This is something I already have a working solution for, but it takes forever (sometimes >5 hours, and I’ve done this half a dozen times in the last week fixing minor details) so I’m curious if there are suggestions for improvement.
I have a grid of cells, like the image below:
That’s 180 x 270, or 48600 total cells, and the colors have the following meaning:
Grey - walkable
Yellow - walkable and interactive
Black - wall or an interactive object (so unwalkable)
One can see that there are regions of the grey cells enclosed by walls. These are “Rooms.” For various reasons I’m interested in getting what I’m calling (for lack of a better word) the “centroids” of each room: the minimum number (and location) of points in the room required to see every point in the room. Imagine a patrolling robot for example, who wants to check every point.
My current code to do this is below:
public void SetCentroids(CellWalkableState[,] grid)
{
centroids = new List<((int, int), int)>();
List<(int, int)> cellsCopy = new List<(int, int)>();
for (int i = 0; i < cells.Count; i++)
{
cellsCopy.Add(cells[i]);
}
var perCellInView = cellsCopy.AsParallel().Select(x => (x, StaticClass.FindInView(x, grid)));
var perCellInViewOrdered = perCellInView.AsParallel().OrderByDescending(xxx => xxx.Item2.Count).ToList();
//Debug.Log("counts: " + perCellInViewOrdered[0].Item2.Count + "," + perCellInViewOrdered[1].Item2.Count);
List<(int, int)> roomCellsAdded = new List<(int, int)>();
while(roomCellsAdded.Count < cells.Count)
{
if(cellsCopy.Count == 0)
{
Debug.LogError("something is wrong here.");
}
var centroid = perCellInViewOrdered[0].x;
var centroidCells = perCellInViewOrdered[0].Item2;
if(centroidCells.Count == 0)
{
Debug.Log("this shouldnt be happening");
break;
}
cellsCopy.Remove(centroid);
roomCellsAdded.AddRange(centroidCells);
centroids.Add((centroid, centroidCells.Count));
var loopPerCellInView = perCellInView.AsParallel().Where(x => centroids.Select(y => y.Item1).Contains(x.x) == false).Select(x => (x.x, x.Item2.Except(roomCellsAdded).ToList()));
perCellInViewOrdered = loopPerCellInView.AsParallel().OrderByDescending(xxx => xxx.Item2.Count()).ToList();
//Debug.Log("counts: " + perCellInViewOrdered[0].Item2.Count + "," + perCellInViewOrdered[1].Item2.Count);
}
}
“cells” is just a List<(int,int)> in the Room class which contains all of the grey squares for a given room. The “StaticClass.FindInView” method finds every location that a given point can see (I can provide that method if desired).
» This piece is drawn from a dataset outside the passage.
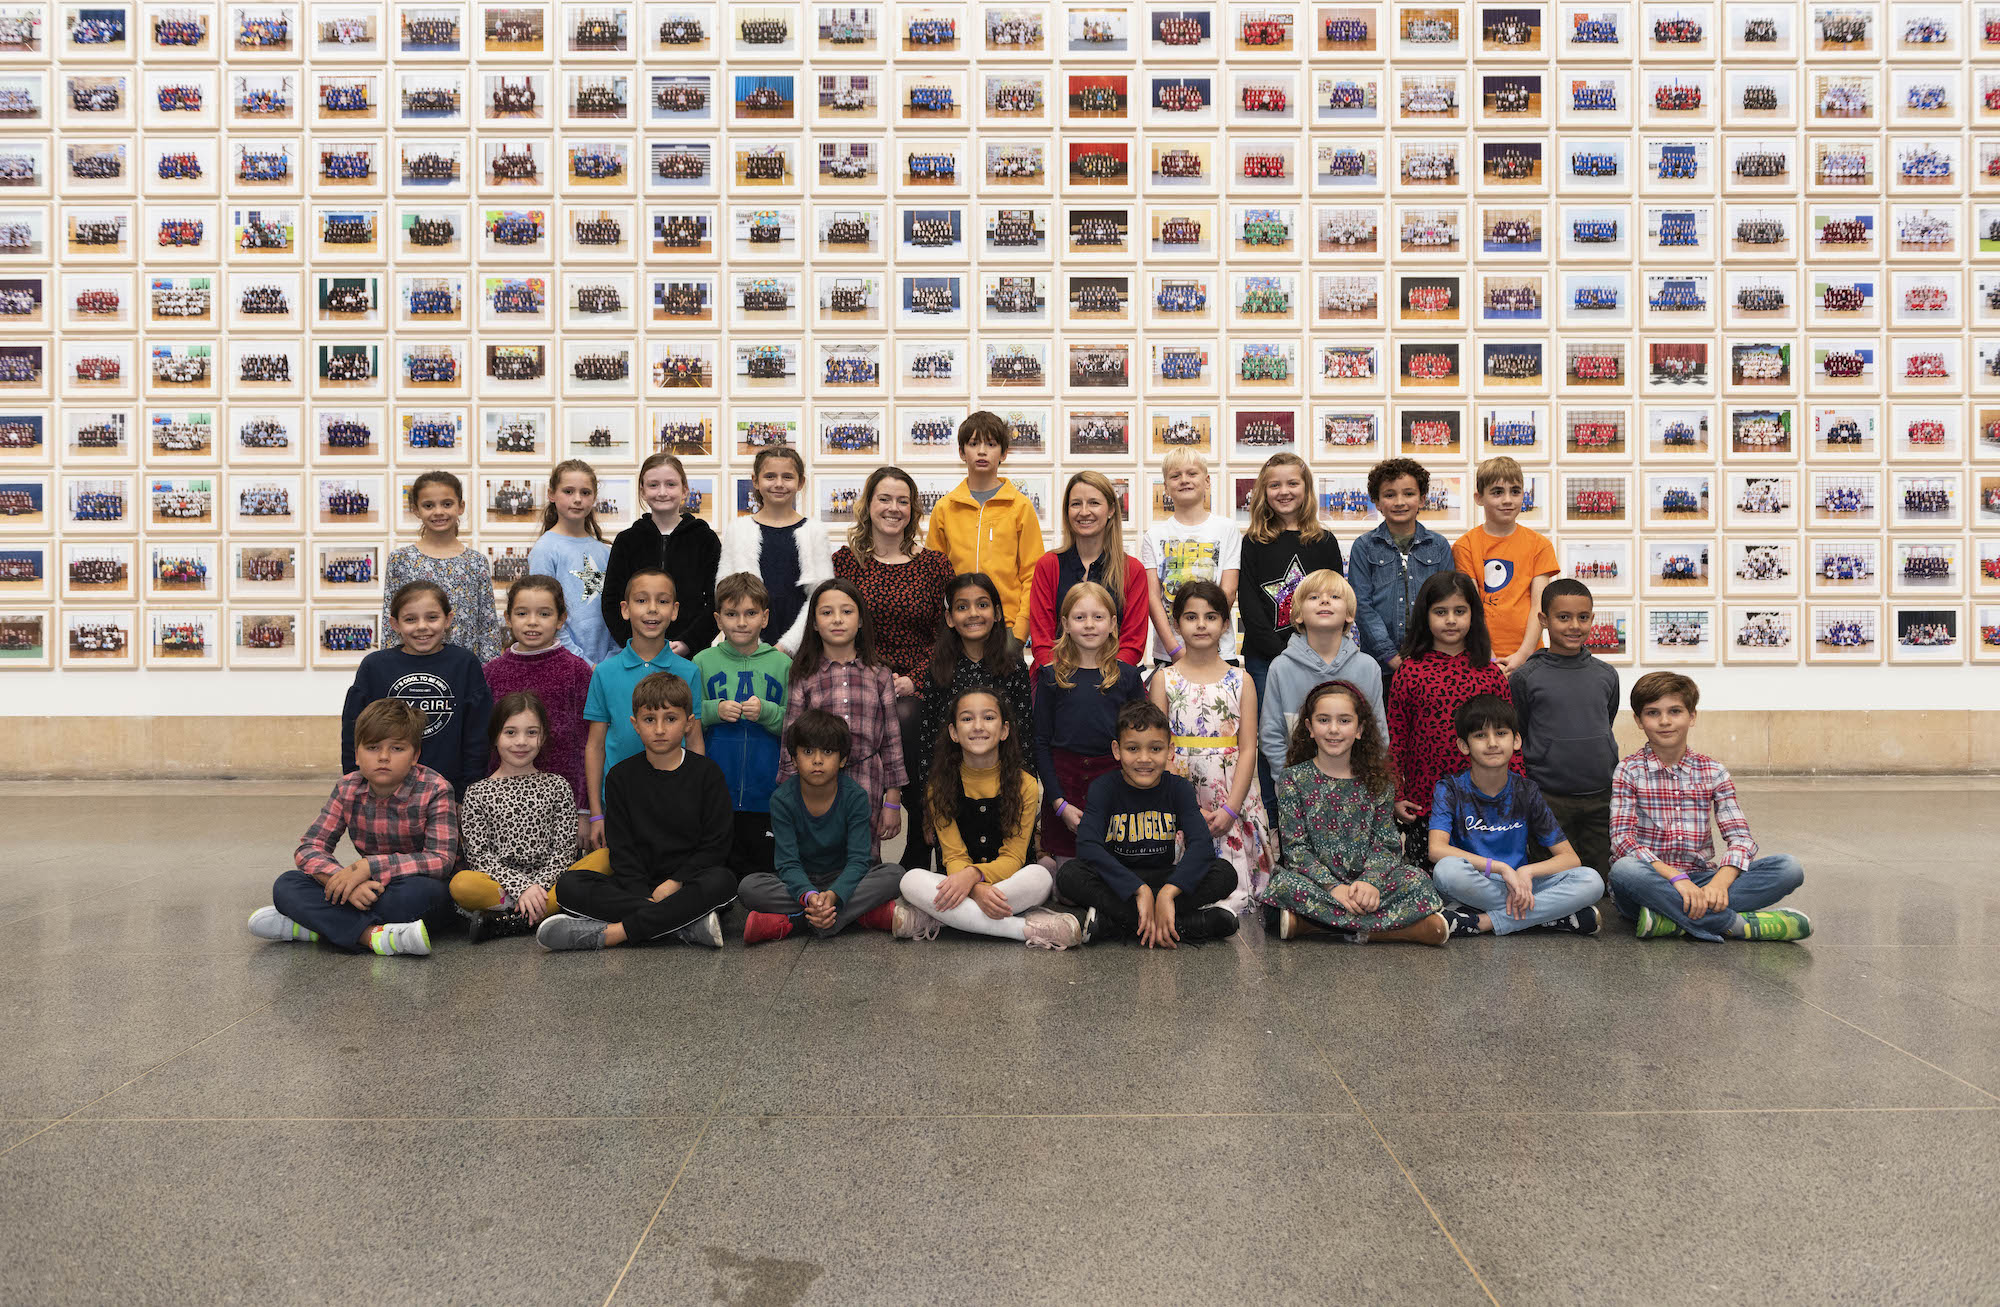 Little Ealing Primary visiting Steve McQueen Year 3 at Tate Britain © Tate. Photo David Lennon.jpg

The general flow is:
–For each point in a room, find what other points it can view (this will be a list/IEnumerable of “((int,int),List<(int,int)>)” structs)
–Sort the list by the count of the second item, such that the location with the most points-it-can-view is first
-Loop through the following:
–Store the first location as a centroid, as well as the points it can view
–get a “derivation” of the original list that does not include already-stored centroids, and does not include already-in-view locations in the sub-list for each centroid
–sort the “derived” list by the count of the second item
As I mentioned before, this is taking literally hours every time. Makes some sense since I’m iterating through groups of sometimes 10,000+ entries in a room, modifying them and sorting them each loop, but it still seems too long.
In addition, the number of “centroids” I’m seeing seems high - for one room on that grid it was 37 in total. It should be, like, 4 or 5 for most of those rooms.
Does anyone see anything I might be doing wrong or inefficiently?